Issue 1276: LookupError: unknown encoding: X-MAC-JAPANESE (original) (raw)
When I compile Python-3.0a1 on Mac OS X with Japanese locale, I've got LookupError like below.
========================================== running build_scripts creating build/scripts-3.0 Traceback (most recent call last): File "./setup.py", line 1572, in main() File "./setup.py", line 1567, in main 'Lib/smtpd.py'] File "/private/tmp/Python-3.0a1/Lib/distutils/core.py", line 148, in setup dist.run_commands() File "/private/tmp/Python-3.0a1/Lib/distutils/dist.py", line 943, in run_commands self.run_command(cmd) File "/private/tmp/Python-3.0a1/Lib/distutils/dist.py", line 963, in run_command cmd_obj.run() File "/private/tmp/Python-3.0a1/Lib/distutils/command/build.py", line 106, in run self.run_command(cmd_name) File "/private/tmp/Python-3.0a1/Lib/distutils/cmd.py", line 317, in run_command self.distribution.run_command(command) File "/private/tmp/Python-3.0a1/Lib/distutils/dist.py", line 963, in run_command cmd_obj.run() File "/private/tmp/Python-3.0a1/Lib/distutils/command/build_scripts.py", line 51, in run self.copy_scripts() File "/private/tmp/Python-3.0a1/Lib/distutils/command/build_scripts.py", line 82, in copy_scripts first_line = f.readline() File "/private/tmp/Python-3.0a1/Lib/io.py", line 1259, in readline decoder = self._decoder or self._get_decoder() File "/private/tmp/Python-3.0a1/Lib/io.py", line 1111, in _get_decoder make_decoder = codecs.getincrementaldecoder(self._encoding) File "/private/tmp/Python-3.0a1/Lib/codecs.py", line 951, in getincrementaldecoder decoder = lookup(encoding).incrementaldecoder LookupError: unknown encoding: X-MAC-JAPANESE make: *** [sharedmods] Error 1
This problem happens for lack of appropriate codec so also occurs in apps using getdefaultencoding.
After patching Tools/unicode/Makefile and running make generates build/mac_japanese.py, mac-japanese codec.
Added a patch that implements codecs for CJK Macintosh encodings.

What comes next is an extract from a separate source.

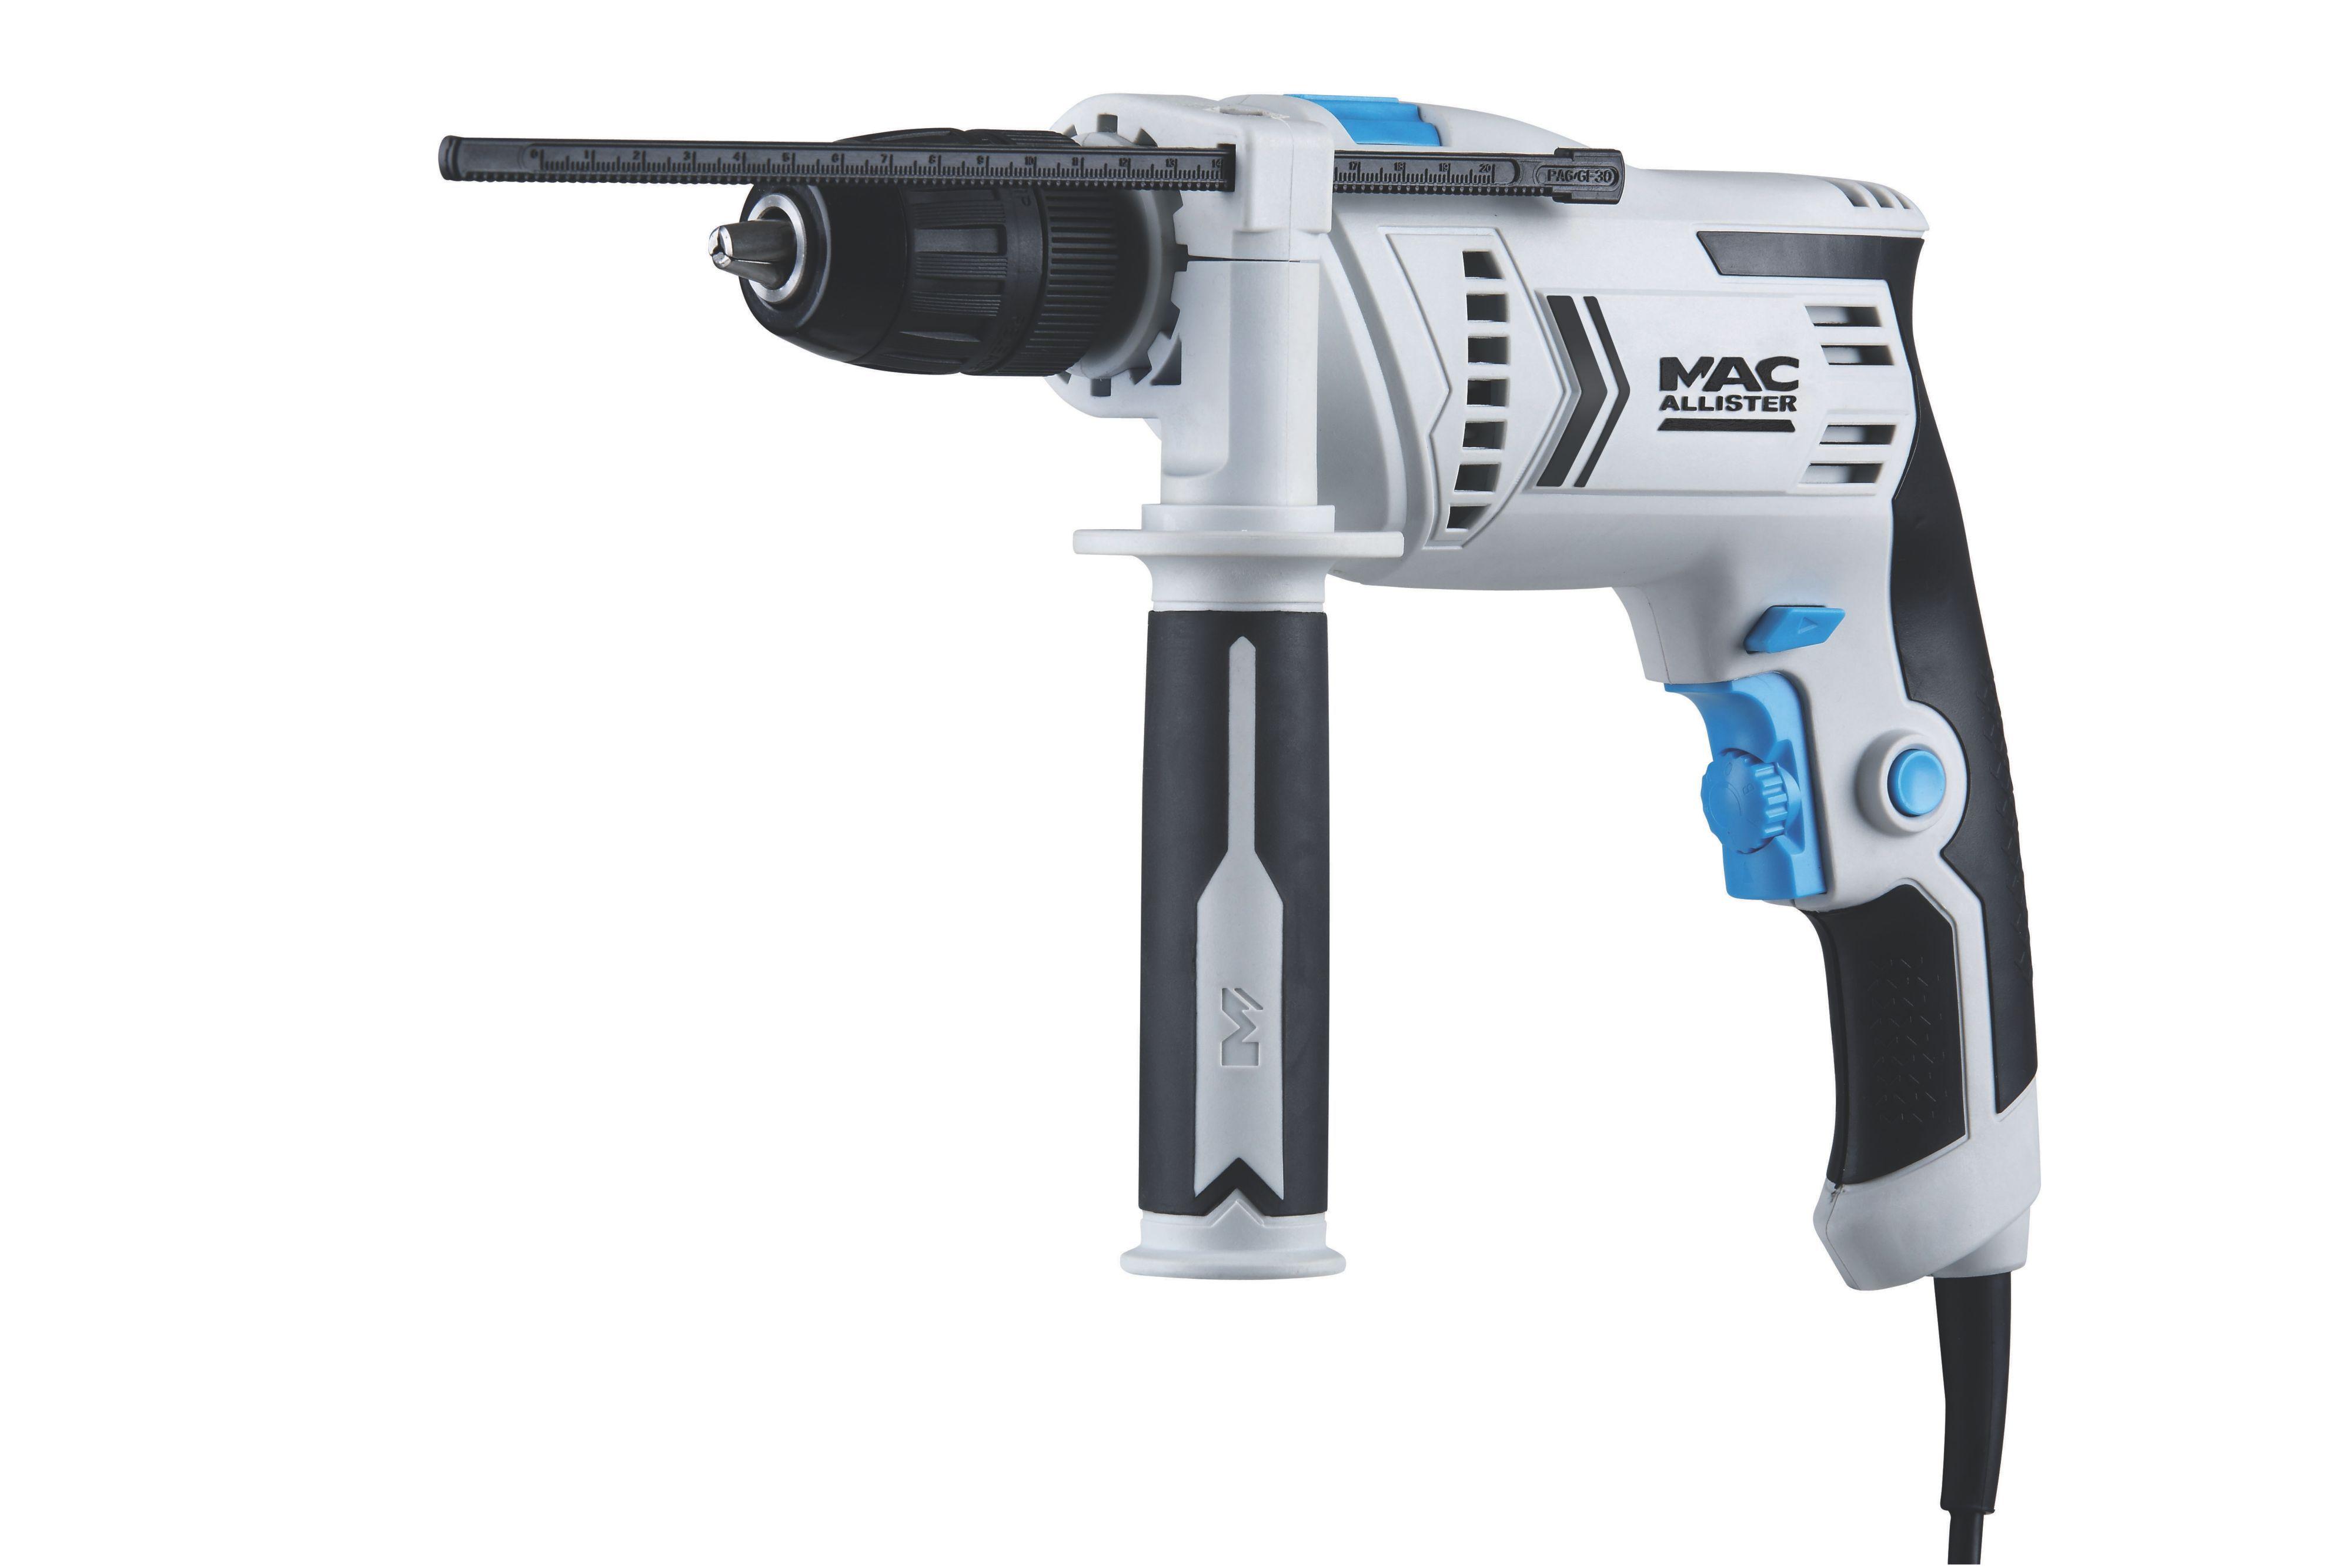 mac allister 600w corded hammer drill mshd600. Black Bedroom Furniture Sets. Home Design Ideas
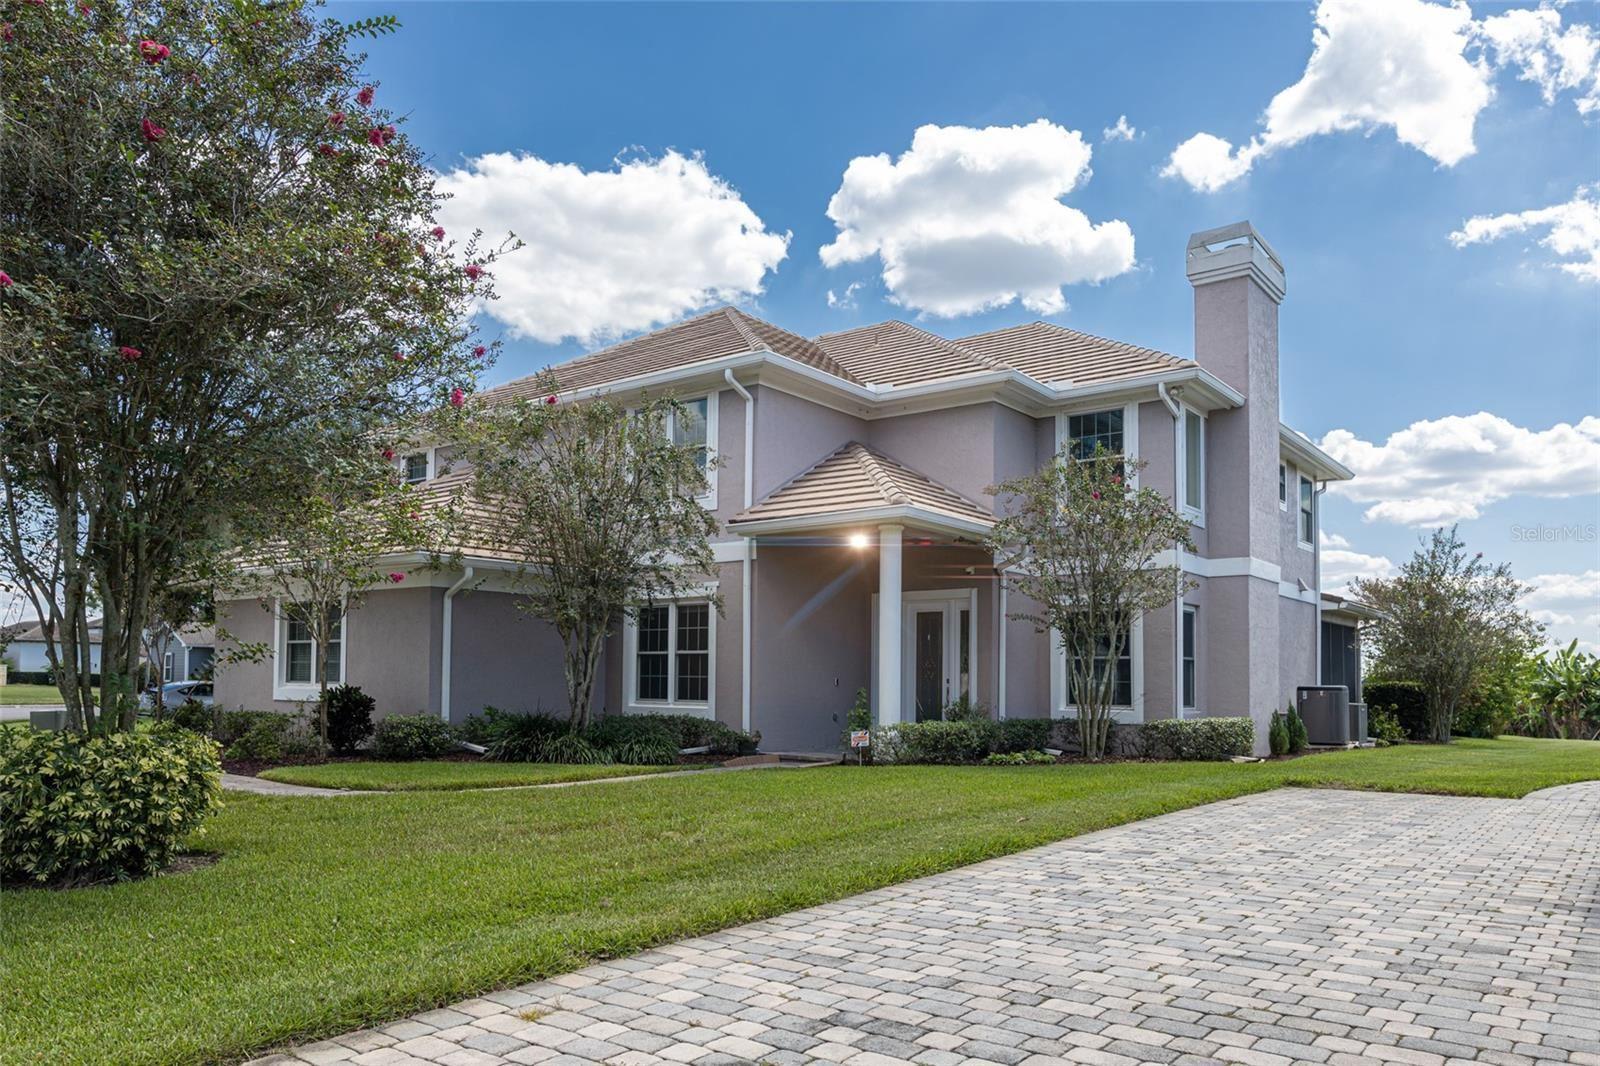 Photo of 13120 ZORI LANE, WINDERMERE, FL 34786 (MLS # S5057196)

I tried to implement that just alike the other existing CJK codecs, but it required many inefficient mapping tables due to their odd mappings (like this: u'ABCDE' <-> 'ab' AND u'ABCD' <-> 'ac'!).
So, I decided to implement a general extension codec wrapper that can be easily modified by dictionaries given by Python code. Because all Mac CJK encodings have codecs that implement their base encodings, I just put their difference in Python codec code. The extension mechanism may be reused in customized codecs for in-house applications or legacy encoding supports.
The first patch was generated for 2.6 trunk. I'm working on porting it to 3.0.